Transcribe the listing below verbatim, omitting pictures.

◆ Data shown ◆
^^^^
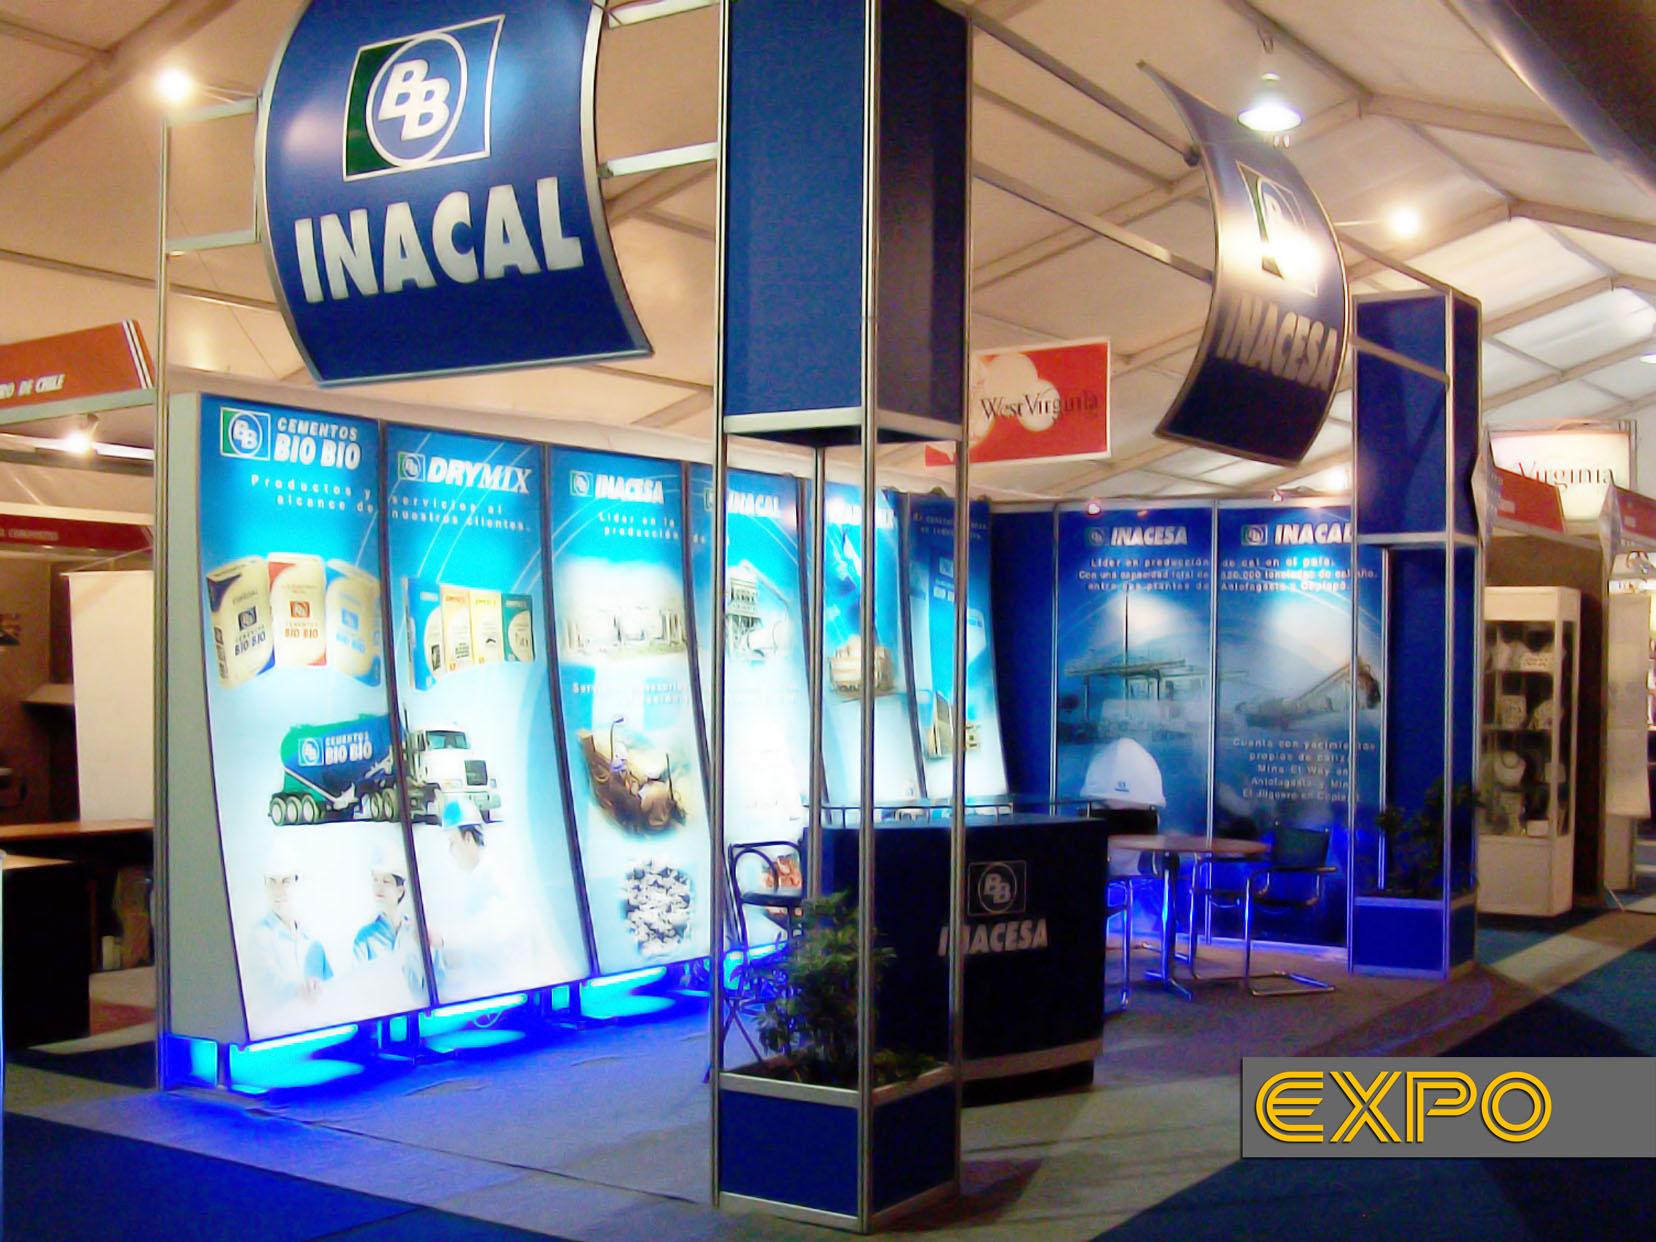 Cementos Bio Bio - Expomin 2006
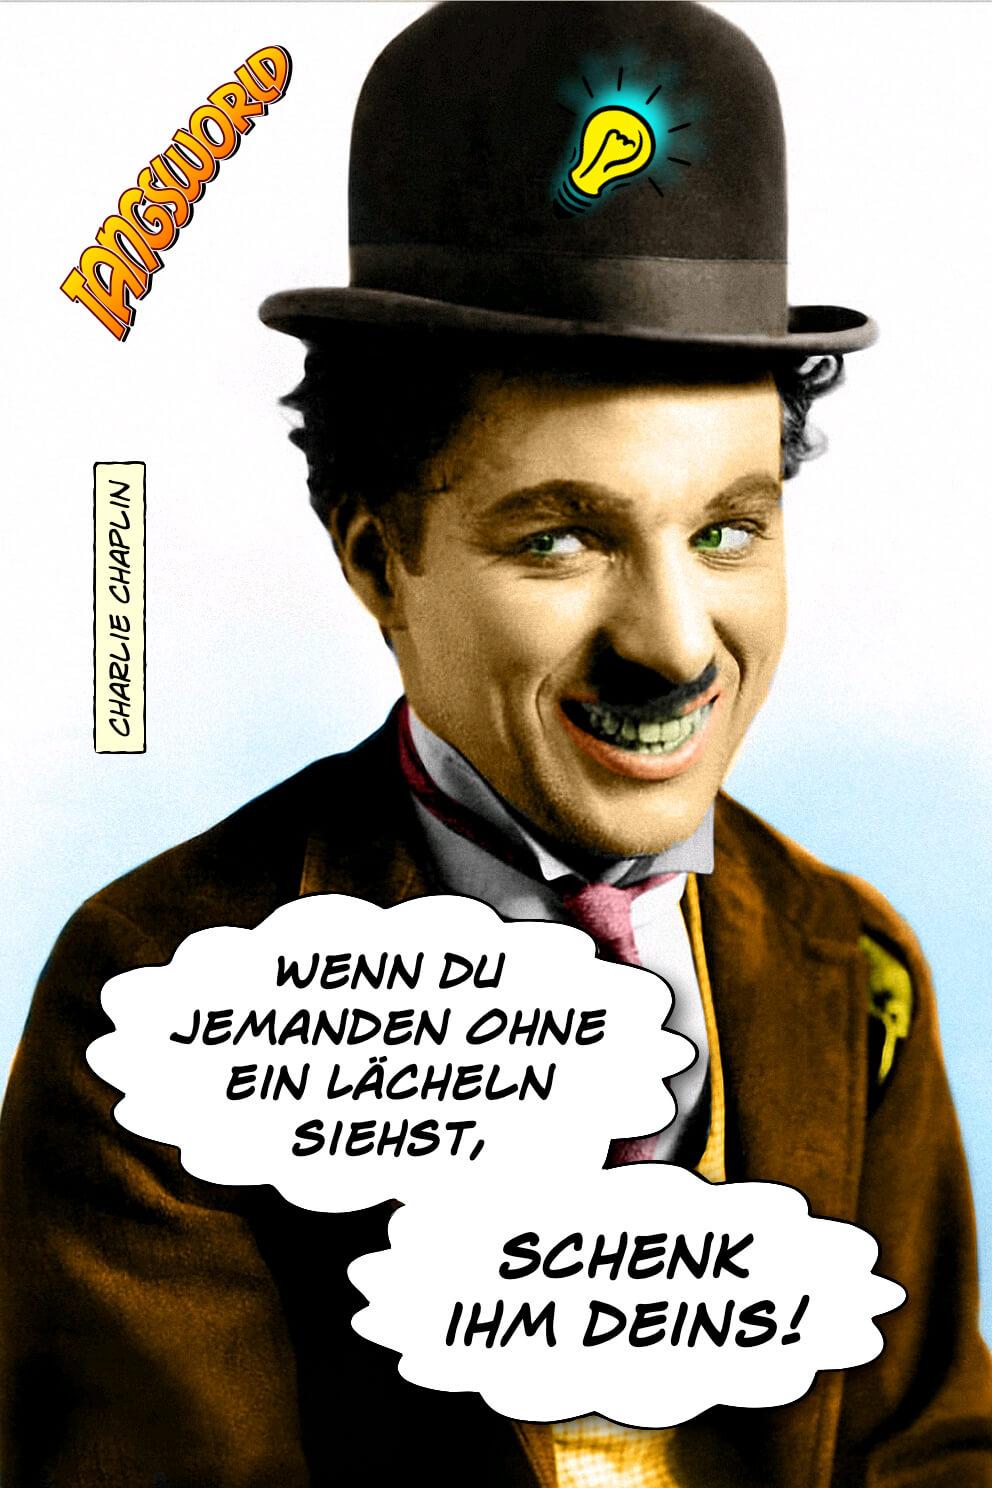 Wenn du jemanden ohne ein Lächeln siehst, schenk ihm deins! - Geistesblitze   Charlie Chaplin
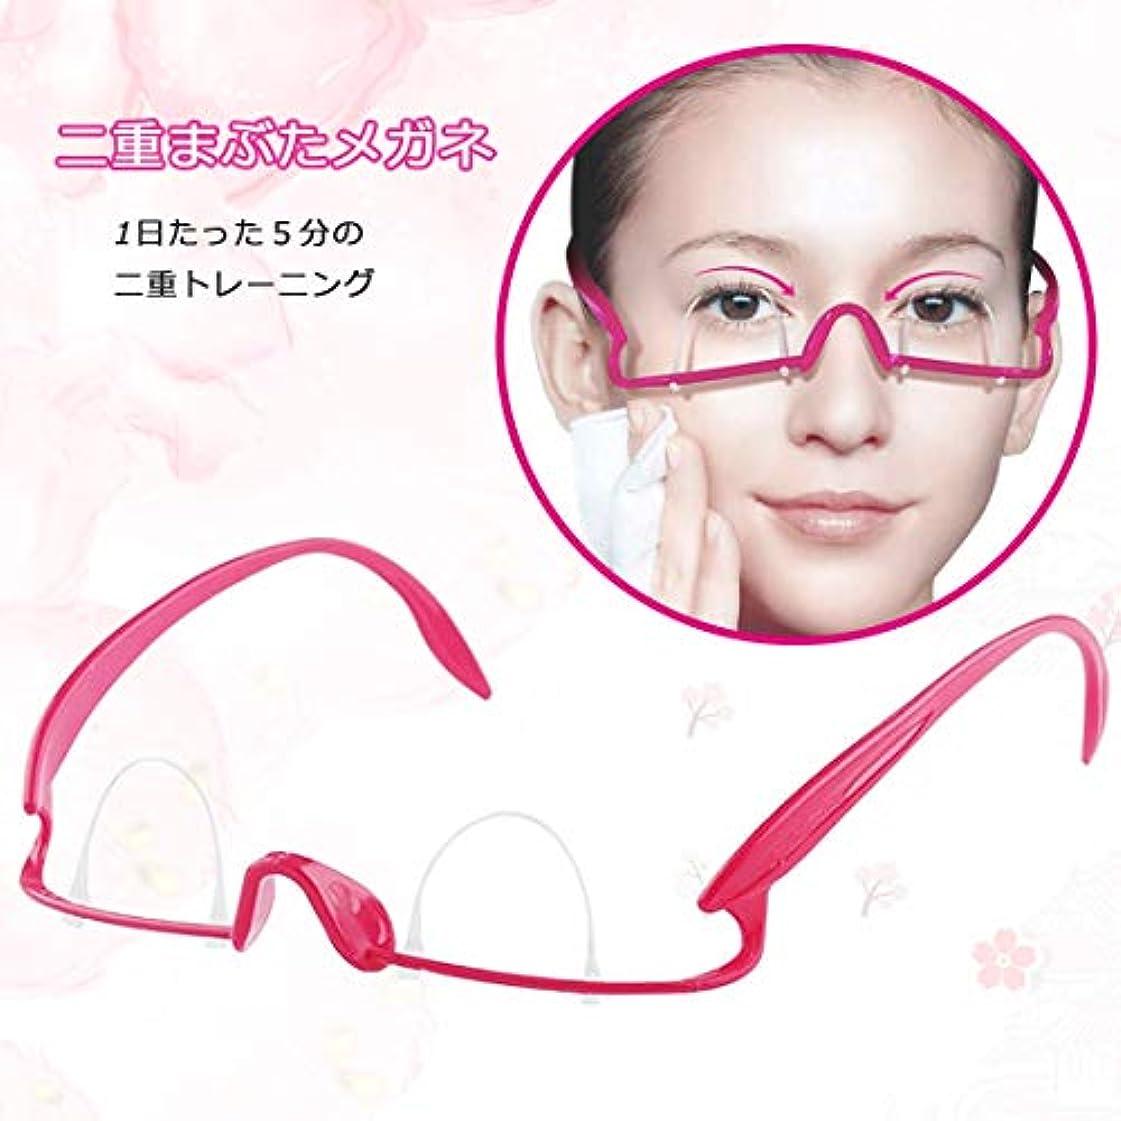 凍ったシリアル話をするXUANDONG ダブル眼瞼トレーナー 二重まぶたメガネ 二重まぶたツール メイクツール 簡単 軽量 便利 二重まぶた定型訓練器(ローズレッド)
^^^^
◆ Exercise answer ◆
 Cementos Bio Bio - Expomin 2006
 Wenn du jemanden ohne ein Lächeln siehst, schenk ihm deins! - Geistesblitze   Charlie Chaplin
 凍ったシリアル話をするXUANDONG ダブル眼瞼トレーナー 二重まぶたメガネ 二重まぶたツール メイクツール 簡単 軽量 便利 二重まぶた定型訓練器(ローズレッド)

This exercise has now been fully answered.